A história, embora mantenha alguns elementos do mito de Frankenstein, transita mais uma vez para novas dimensões ao explorar questões morais, éticas diante da busca incessante pelo conhecimento. O filme já começa com o estabelecimento de uma atmosfera evocativa daquilo que imaginamos como opressor e insano. O Dr. Victor Frankenstein, novamente interpretado por Peter Cushing, é apresentado como um cientista obcecado pela criação de vida a partir da morte. No entanto, sua busca é marcada por um profundo desespero e pela desesperança diante das consequências de suas ações. Esta representação do personagem está longe do ideal do cientista heroico. Em vez disso, ele é mostrado como uma figura abjeta, cujas ambições egocêntricas o levam a transgredir aquilo que consideramos como limites éticos e morais. Dessa vez, a figura ficcional é mais monstruosa que qualquer uma de suas criações laboratoriais.

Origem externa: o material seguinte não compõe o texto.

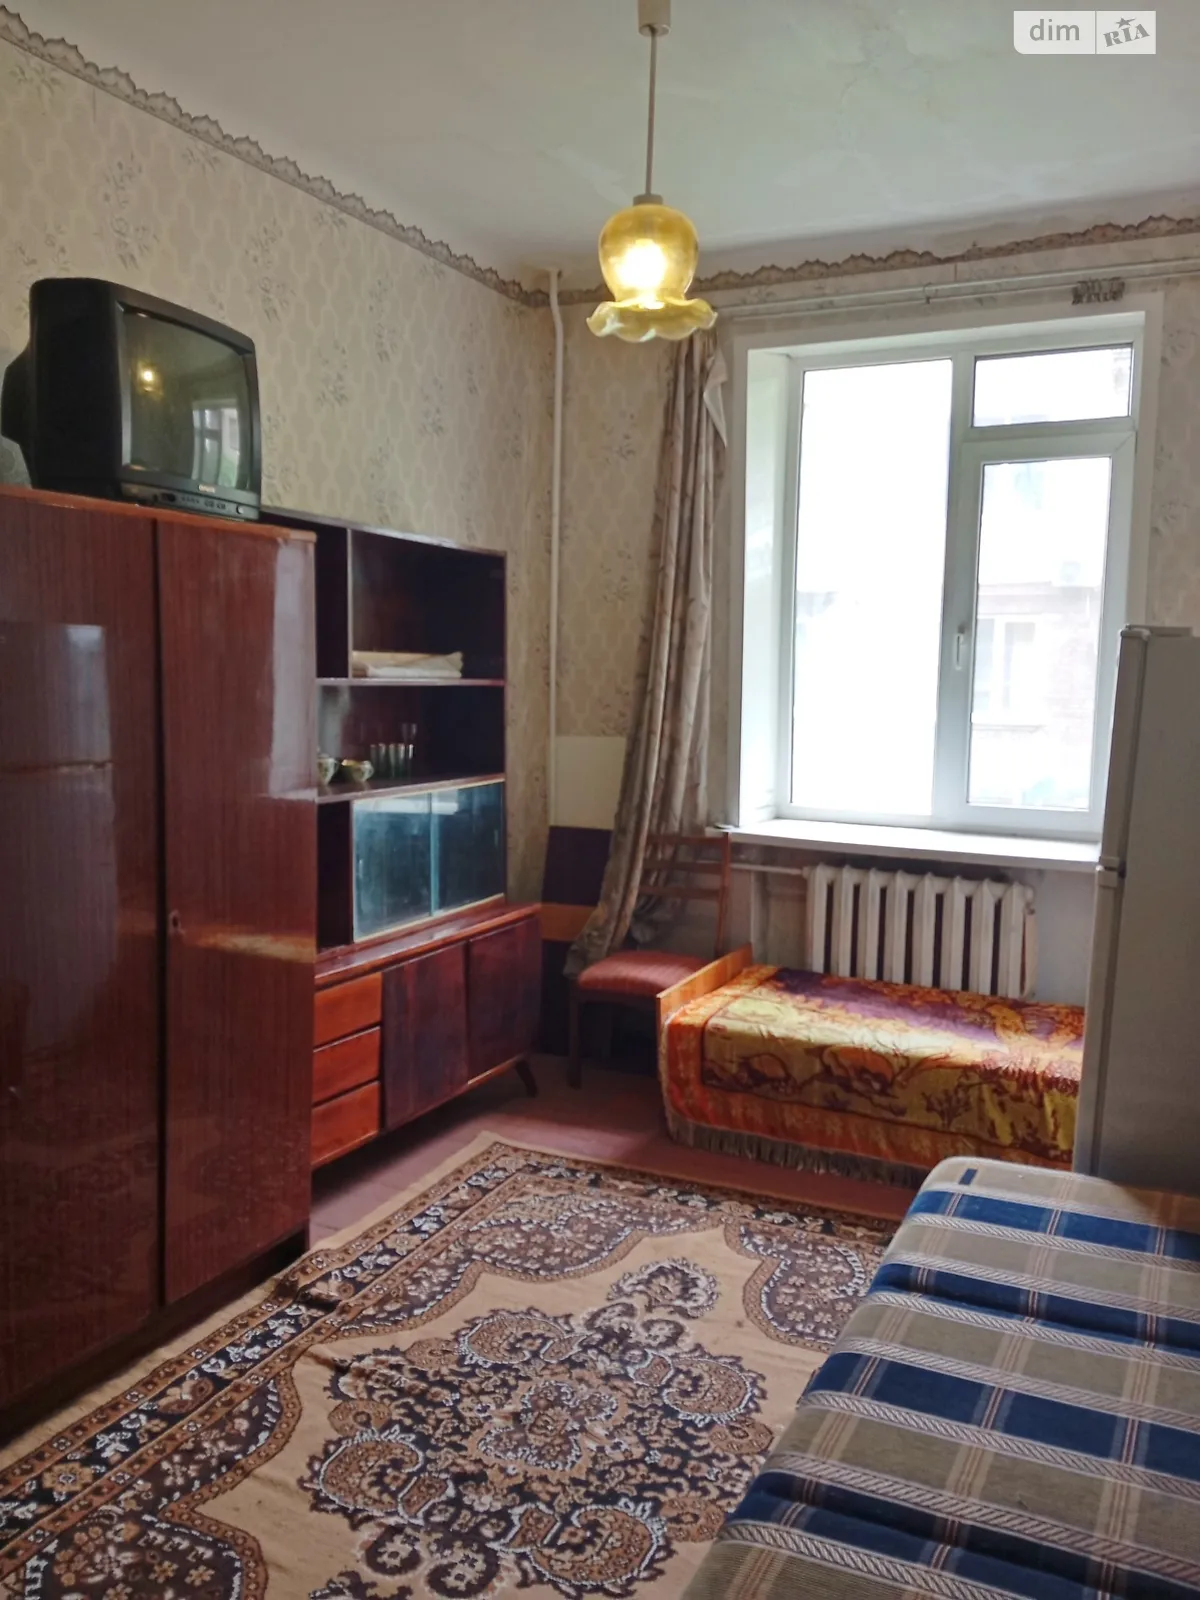 Продается комната 21 кв. м в Запорожье, цена: 4500 $ - фото 1
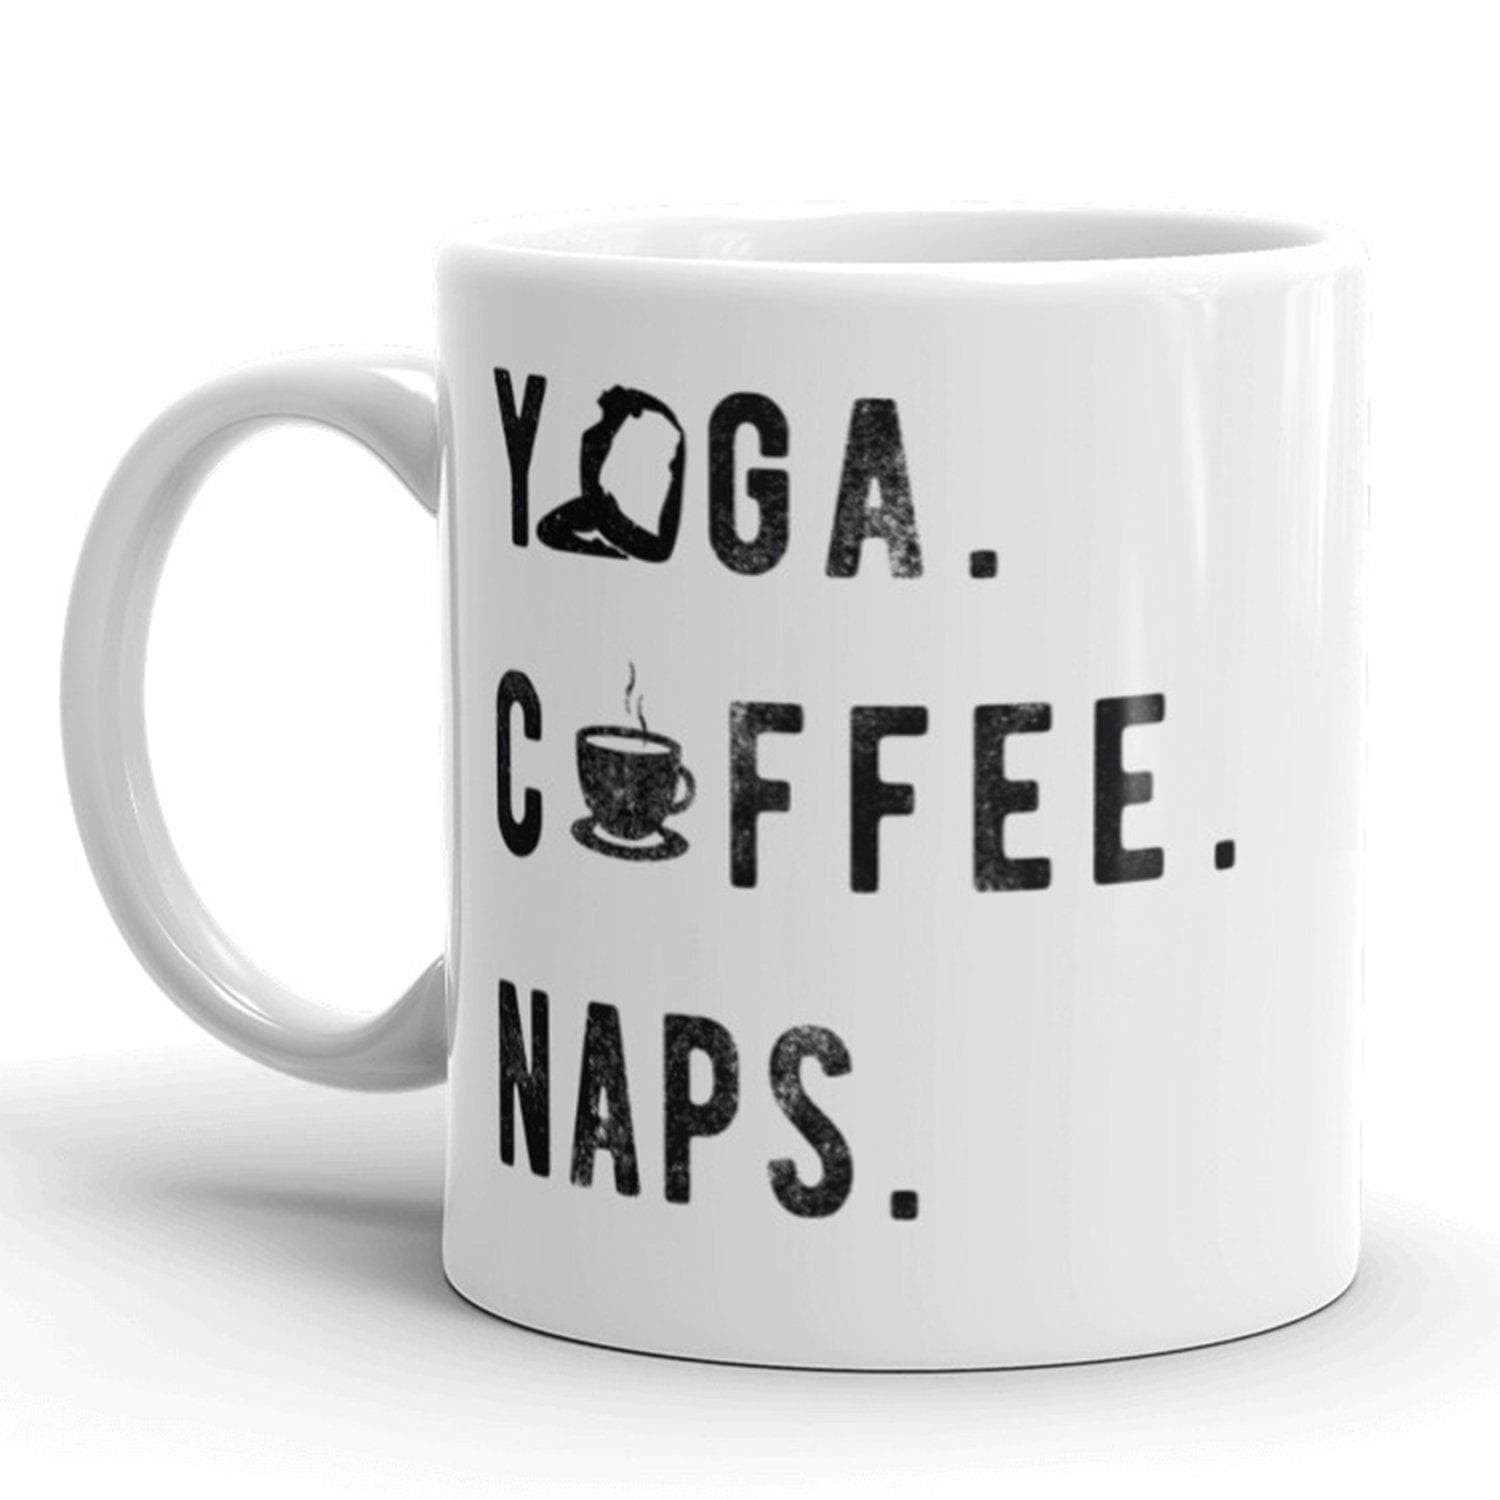 Yoga Coffee Naps Mug - Crazy Dog T-Shirts

Na trama, ele está diante do anseio de montar com urgência, o seu laboratório. Para isso, conta com a ajuda de um médico, o jovem Dr. Karl Holst, interpretado por Simon Ward, e de sua esposa, a bela Anna Spengler (Veronica Carlson). Ela, por sinal, é a proprietária de uma pensão onde o cientista foi se hospedar. Logo mais, descobrimos que por Karl ser funcionário de um hospício, acabou envolvido em uma jornada ilícita no âmbito do tráfico de drogas ministradas no local. Esse é um prato cheio para as vindouras chantagens de Frankenstein. O objetivo do cientista, desesperado para dar vazão aos seus projetos, é arrumar uma maneira de elucidar o segredo do sucesso no terreno dos transplantes de cérebro. Para isso, ele obtém informações de outro especialista no assunto, surtado depois do relacionamento com a pesquisa e seus desdobramentos. Pronto, é quando o filme insere George Pravda no papel do Dr. Brandt.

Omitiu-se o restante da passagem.